Basic Facts • If graph contains no cycles no deadlock. • If graph contains a cycle • if only one instance per resource type, then deadlock. • if several instances per resource type, possibility of deadlock.
Methods for Handling Deadlocks • Ensure that the system will never enter a deadlock state. • Allow the system to enter a deadlock state and then recover. • Ignore the problem and pretend that deadlocks never occur in the system.
Methods for Handling Deadlocks • If a system does not employ either a deadlock-avoidance or deadlock-prevention algorithm, then a deadlock situation may arise. • If a system neither ensures that a deadlock will never occur nor provides a mechanism for deadlock detection and recovery, then we may arrive at a situation where the system is in a deadlocked state and there is no way of recognizing what has happened.
Deadlock Methods for Handling Deadlocks • Deadlock prevention means that a system has to ensure that at least one of the four deadlock conditions cannot hold. • Deadlock avoidance requires that the operating system be given in advance additional information concerning which resources a process will request and use during its lifetime. • To decide whether the current request can be satisfied or must be delayed, the system must consider the resources currently available, the resources currently allocated to each process, and the future requests and releases of each process.
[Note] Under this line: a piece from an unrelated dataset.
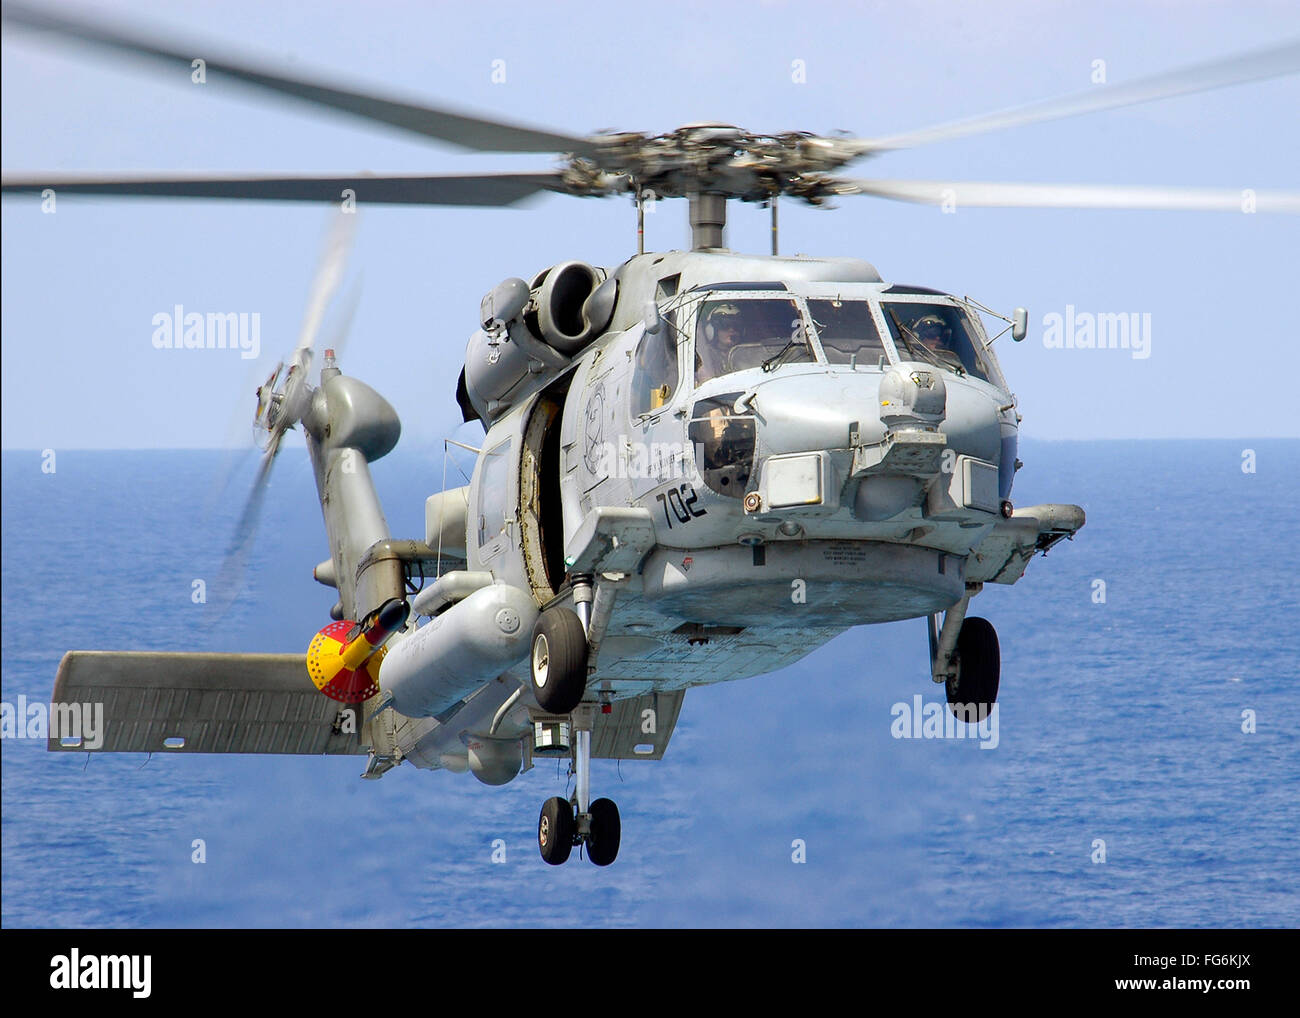 Seahawk helicopter, US Navy Seahawk helicopter in flight Stock Photo

Deadlock Characterization Deadlock can arise if four conditions hold simultaneously. • Mutual exclusion: only one process at a time can use a resource. If another process requests that resource, the requesting process must be delayed until the resource has been released. • Hold and wait: a process holding at least one resource is waiting to acquire additional resources held by other processes. • No preemption: a resource can be released only voluntarily by the process holding it, after that process has completed its task. • Circular wait: there exists a set {P0, P1, …, P0} of waiting processes such that P0 is waiting for a resource that is held by P1, P1 is waiting for a resource that is held by P2, …, Pn–1 is waiting for a resource that is held by Pn, and Pn is waiting for a resource that is held by P0.
Deadlock Prevention • Mutual Exclusion– not required for sharable resources(a read-only file is a typical example of a sharable resource), a process never needs to wait for a sharable resource; must hold for nonsharable resources (a printer is a typical example of such a resource). In general, this condition can not be denied. • Hold and Wait– must guarantee that whenever a process requests a resource, it does not hold any other resources. • Require a process to request and be allocated all its resources before it begins execution, or allow process to request resources only when the process has none. • Low resource utilization; starvation possible.
Deadlock Prevention (Cont.) • No Preemption– • If a process that is holding some resources requests another resource that cannot be immediately allocated to it, then all resources currently being held are released. • Preempted resources are added to the list of resources for which the process is waiting. • Process will be restarted only when it can regain its old resources, as well as the new ones that it is requesting. • Circular Wait– impose a total ordering of all resource types, and require that each process requests resources in an increasing order of enumeration.
Deadlock Avoidance Requires that the system has some additional a priori information available. • Simplest and most useful model requires that each process declare the maximum number of resources of each type that it may need. • The deadlock-avoidance algorithm dynamically examines the resource-allocation state to ensure that there can never be a circular-wait condition. • Resource-allocation stateis defined by the number of available and allocated resources, and the maximum demands of the processes.